Prediksi Kelam dari CEO Anthropic
Minggu lalu, CEO Anthropic, Dario Amodei, memprediksi bahwa AI bisa menghilangkan setengah dari pekerjaan kantoran level pemula dalam 1–5 tahun ke depan, dan mendorong angka pengangguran hingga 20%. “Sebagian besar orang belum sadar hal ini akan terjadi,” katanya pada Axios. “Kedengarannya gila, dan banyak yang tidak percaya.”
Branding AI Sebagai “Teman” Bisa Jadi Bumerang
Kamu mungkin berpikir itu belum sebanding dengan mencabut oksigen seseorang, tapi perumpamaan itu nggak terlalu jauh. Semakin banyak orang yang digantikan oleh otomatisasi, dampaknya akan terasa besar. Dan ketika gelombang PHK makin membesar, menyebut AI sebagai “rekan kerja” bukan lagi terlihat cerdik — tapi kejam.
AI Generatif Harusnya Jadi Alat, Bukan Pesaing
Perpindahan ke AI generatif tetap akan terjadi, tak peduli bagaimana cara ia dikemas. Tapi perusahaan masih punya pilihan: bagaimana mereka mendeskripsikan alat ini. IBM dulu tidak pernah menyebut mainframe mereka sebagai “rekan kerja digital.” PC pun tidak disebut “asisten software”; mereka adalah alat kerja, alat produktivitas.

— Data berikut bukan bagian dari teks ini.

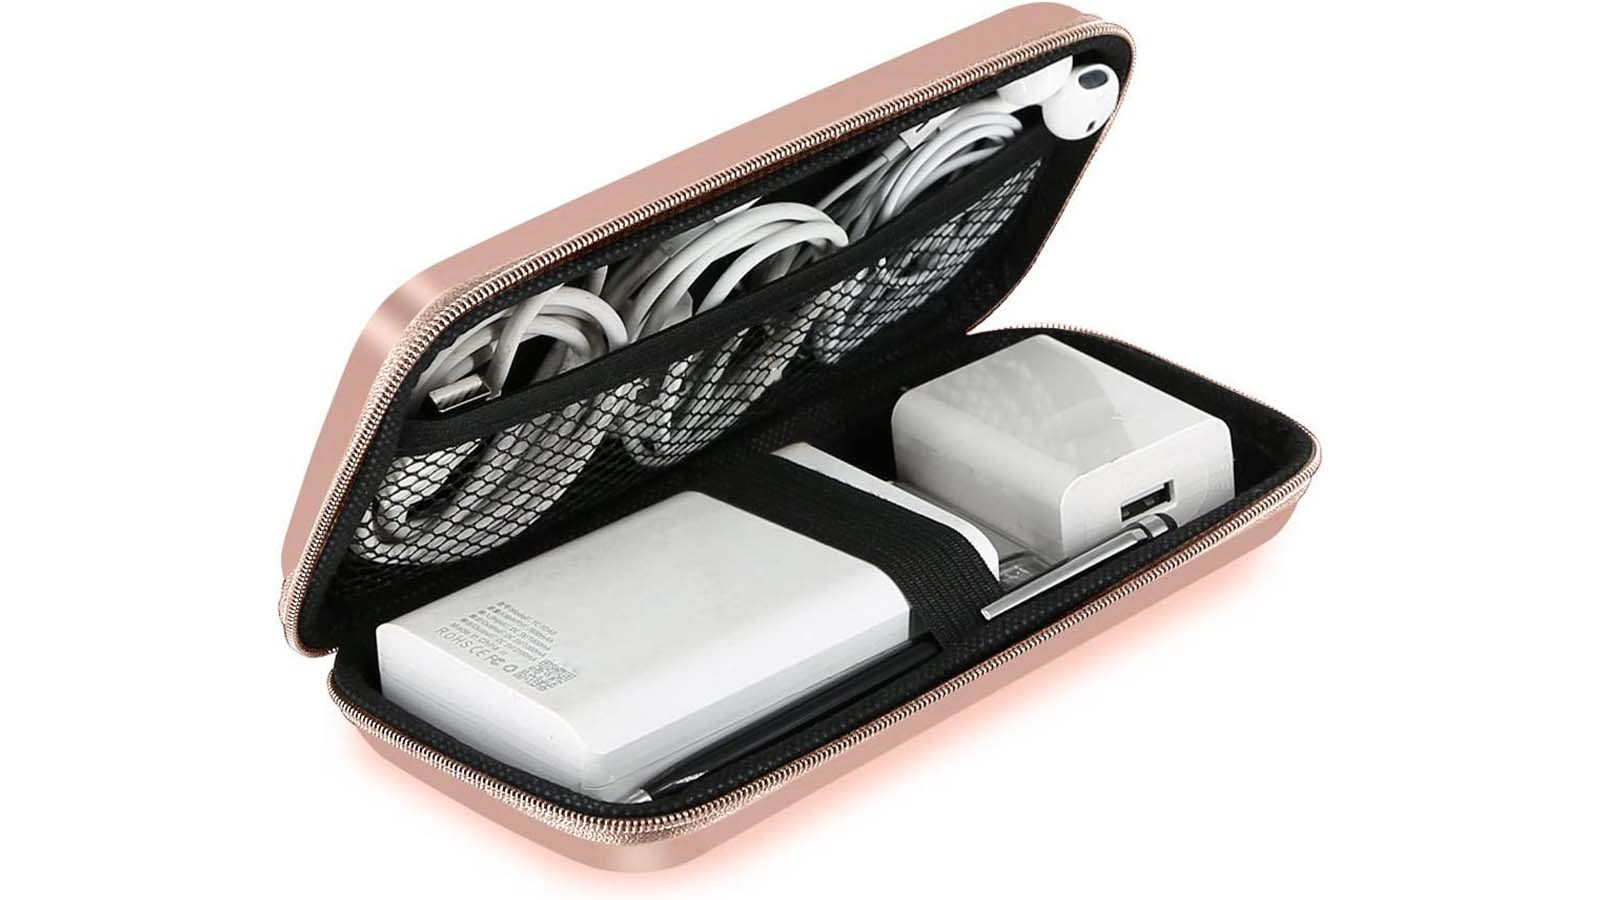 Travel Electronic Accessories Organizer, Storage Handbag Cable Organizer  Bag Waterproof Carry Pouch for 11.6 Laptop,Tablet,Power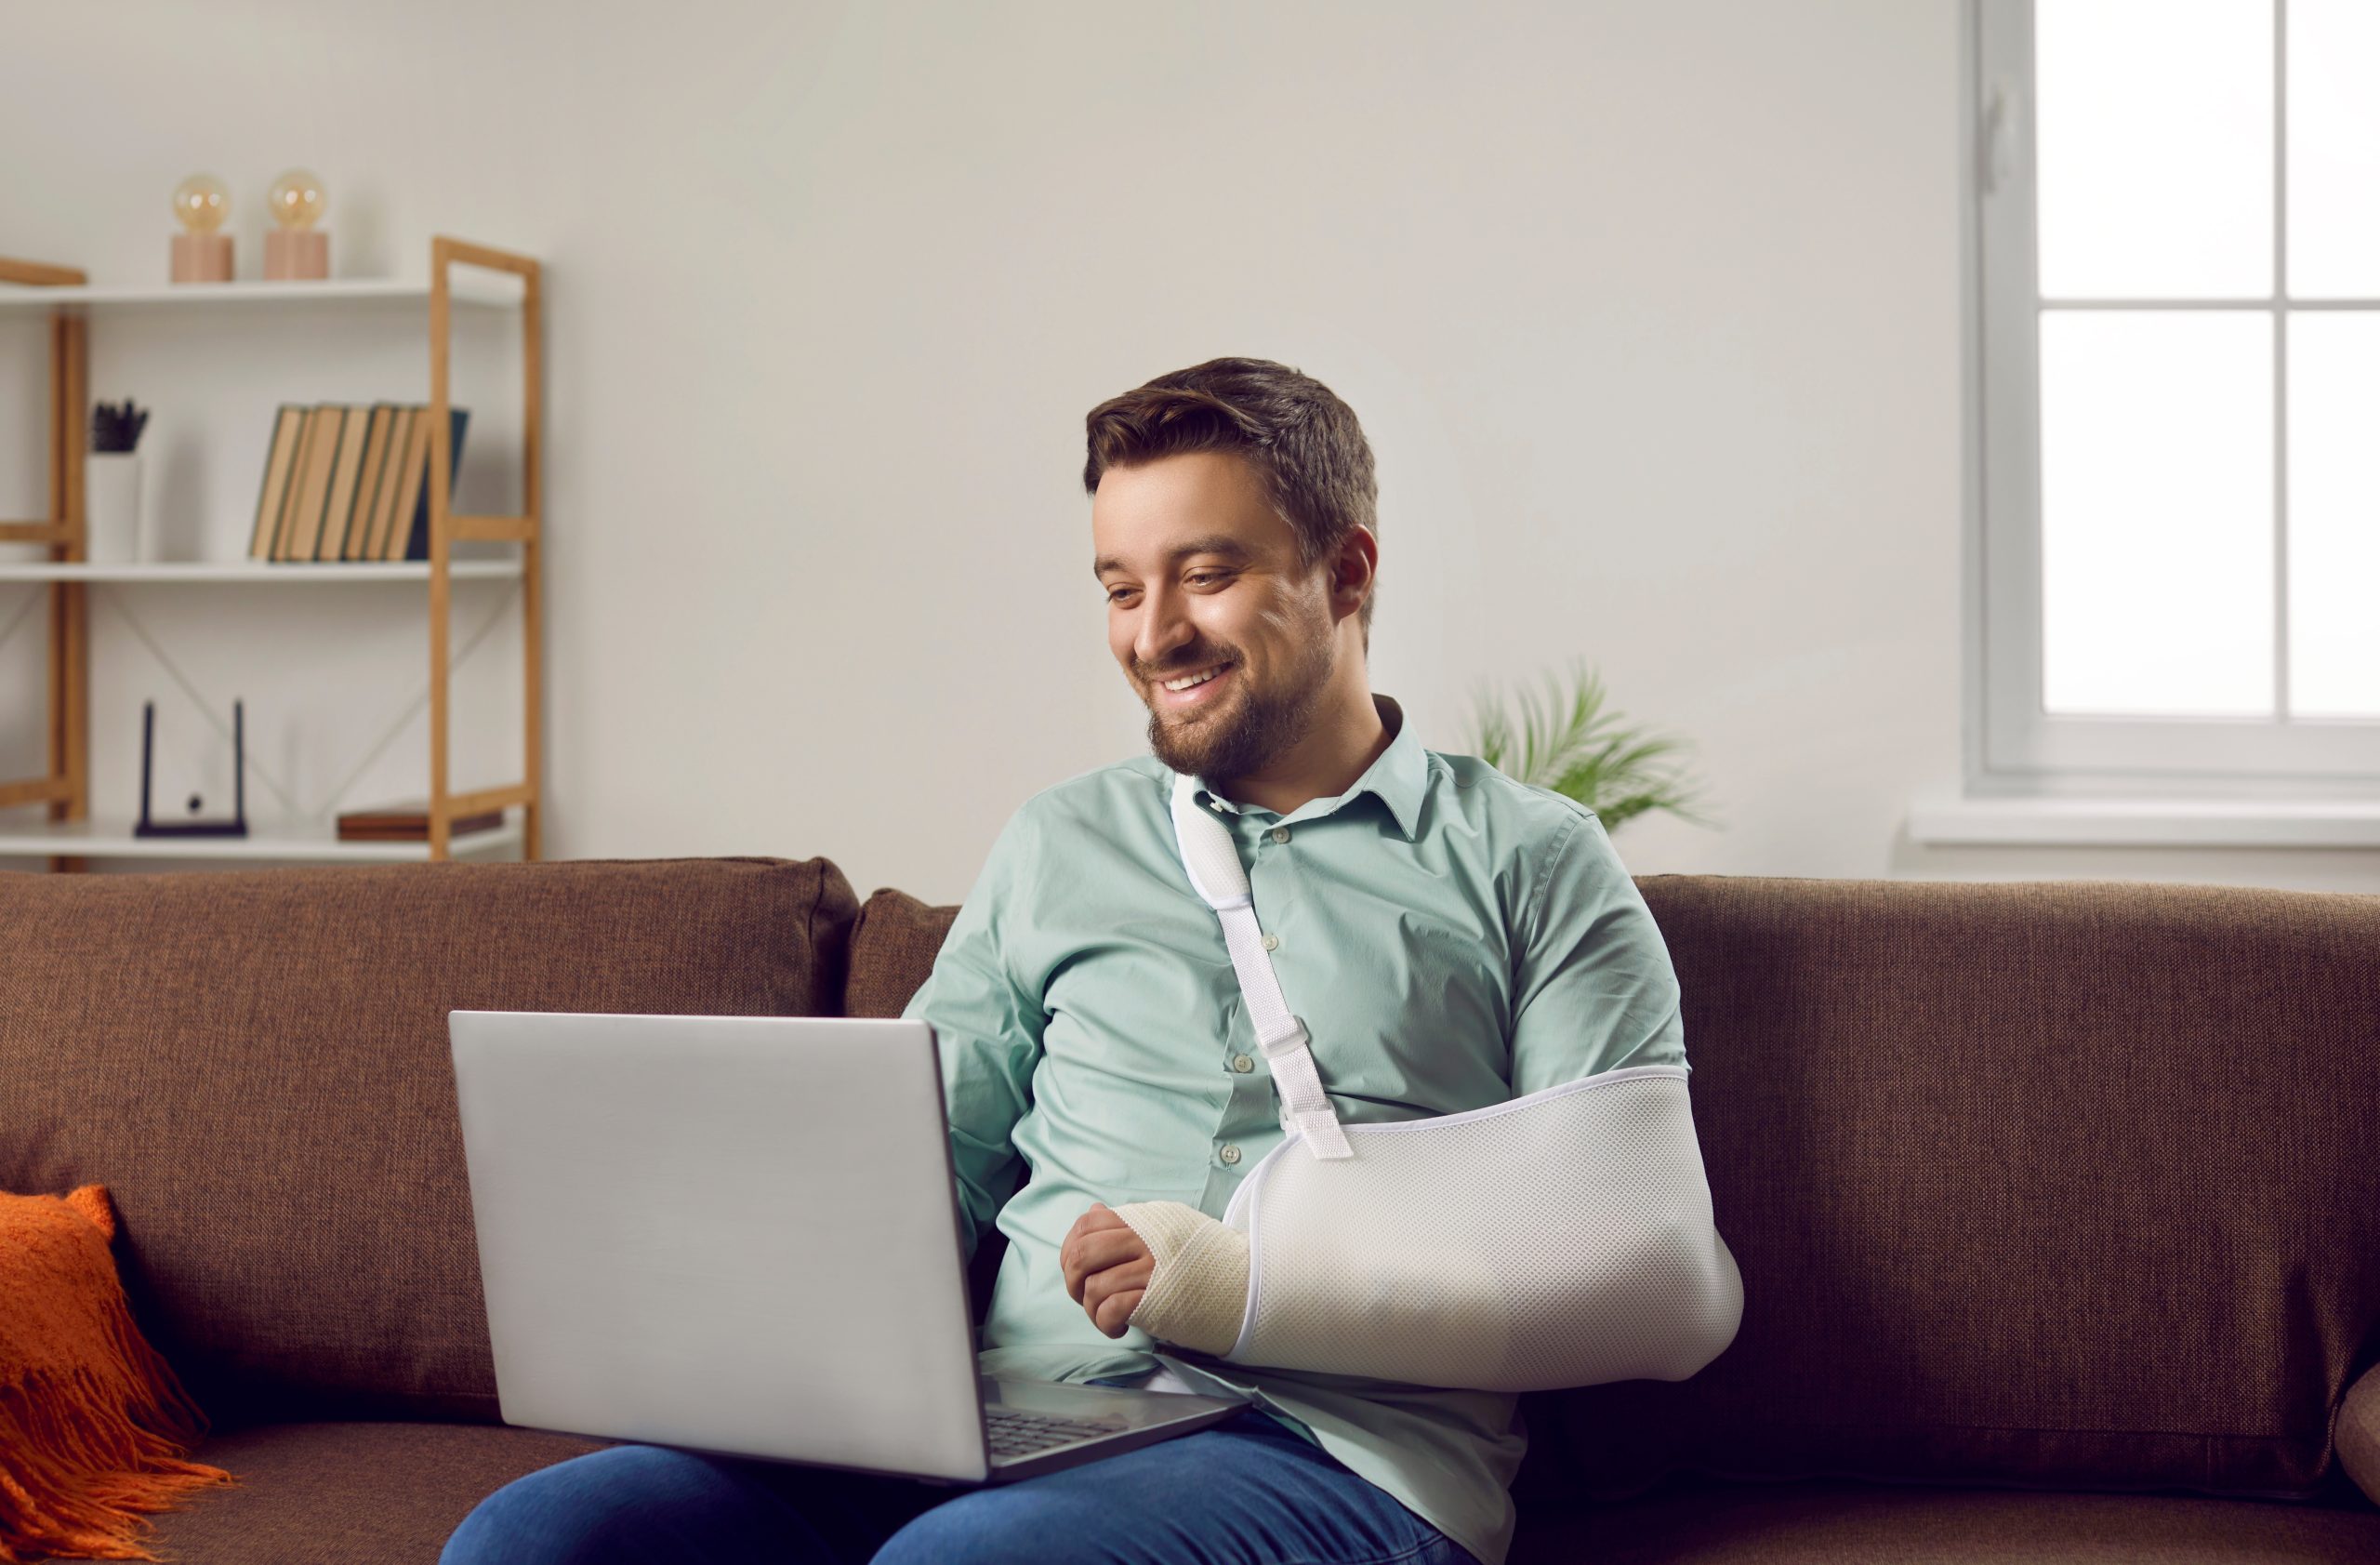 Man sitting on sofa on laptop with arm in sling

Yang Kita Butuhkan: Alat yang Memperkuat, Bukan Menggantikan
Bahasa itu masih penting. Alat seharusnya memberdayakan. Tapi makin banyak perusahaan yang justru memasarkan sesuatu yang lain, dan itu adalah kesalahan.
Kita tidak butuh lebih banyak “karyawan AI.” Kita butuh perangkat lunak yang memperkuat kemampuan manusia, bikin mereka lebih produktif, lebih kreatif, dan lebih kompetitif. Jadi tolong, hentikan menyebut AI sebagai pekerja palsu. Tunjukkan saja alat yang benar-benar membantu manajer hebat menjalankan bisnis kompleks, dan bantu individu punya dampak lebih besar. Itu saja sebenarnya yang kita semua harapkan.